Sessile organisms -- those physically attached to surfaces, like barnacles and mussels -- had no option to flee. Their survival depended entirely on their thermal limits, which the heat wave exceeded dramatically. Mobile species had a better chance, but only if they had the capacity to move and suitable habitat to move into.

The interaction between heat and other environmental factors also mattered. The carbon absorption data show that heat alone is not the full story -- moisture availability, elevation, and local vegetation type all mediated the response.

A study limited by surprise

Baum was candid about the study's constraints. The heat dome arrived with little warning, and the research team had to rely on whatever studies were already under way or observations made during the event. She suspected the analysis has barely scratched the surface of the heat dome's full ecological effects.

The data are heavily weighted toward species and ecosystems with existing monitoring programs. Many organisms -- soil invertebrates, deep-water fish, small mammals in unmonitored habitats -- were simply not being tracked when the event hit. The true scope of ecological damage is almost certainly larger than what the study captures.

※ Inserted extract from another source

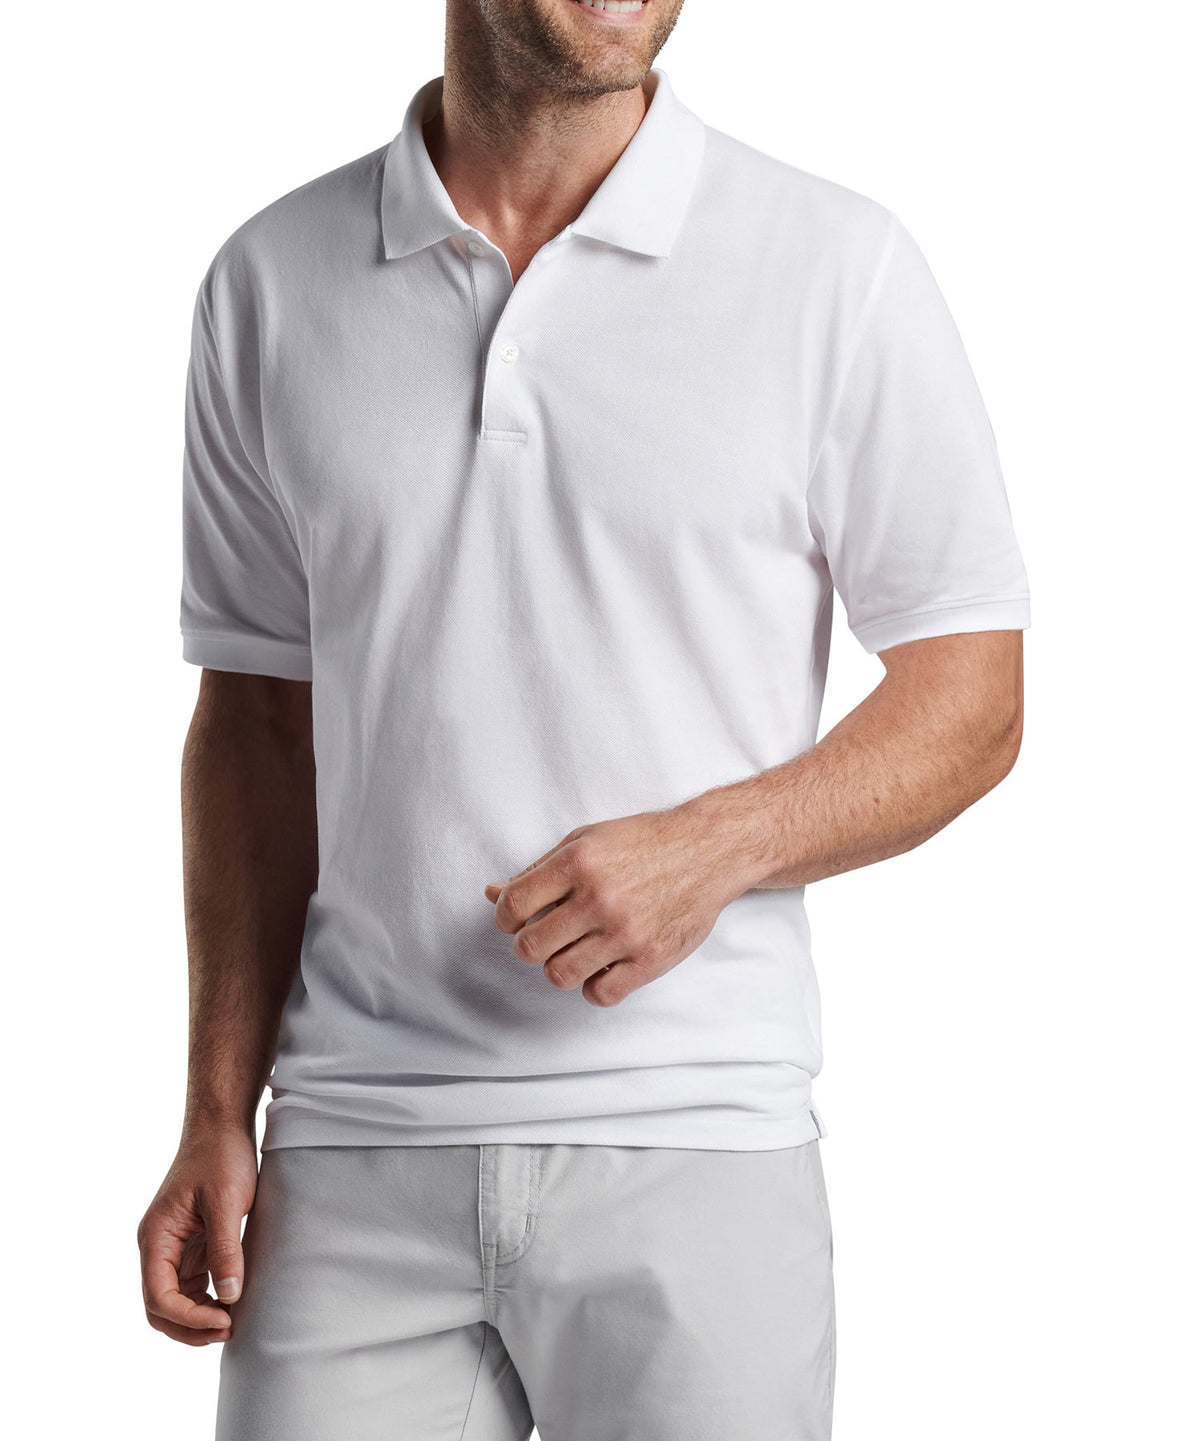 Peter Millar Short Sleeve Sunrise Pique Polo Knit Shirt, Big & Tall

The reliance on media reports for some data points introduces additional uncertainty. News coverage tends to focus on the most dramatic impacts, potentially skewing the picture toward catastrophic outcomes and underrepresenting species that experienced moderate effects.

Long-term recovery trajectories also remain largely unknown. The study captures the immediate aftermath and short-term responses, but whether populations like thatched barnacles and Bay mussels can recover -- and how long that might take -- requires ongoing monitoring that in many cases does not exist.

Preparing for the next one

With 2026 projected to be the hottest year on record and heat waves expected to grow more frequent and intense under continued climate change, the findings carry urgent practical implications. Srivastava warned that repeated heat waves would not only melt snow too quickly but also begin drawing on long-term sources such as glaciers, accelerating their loss.

She proposed a coordinated monitoring network of species and ecosystems across British Columbia and Canada -- a system that would allow scientists to capture ecological data during the next extreme event, rather than scrambling to reconstruct impacts after the fact.

The study's central lesson is that heat waves do not affect ecosystems as a single, uniform force. They create ecological winners and losers based on physiology, behavior, geography, and chance. Understanding that complexity -- before the next event arrives -- is the difference between preparation and triage.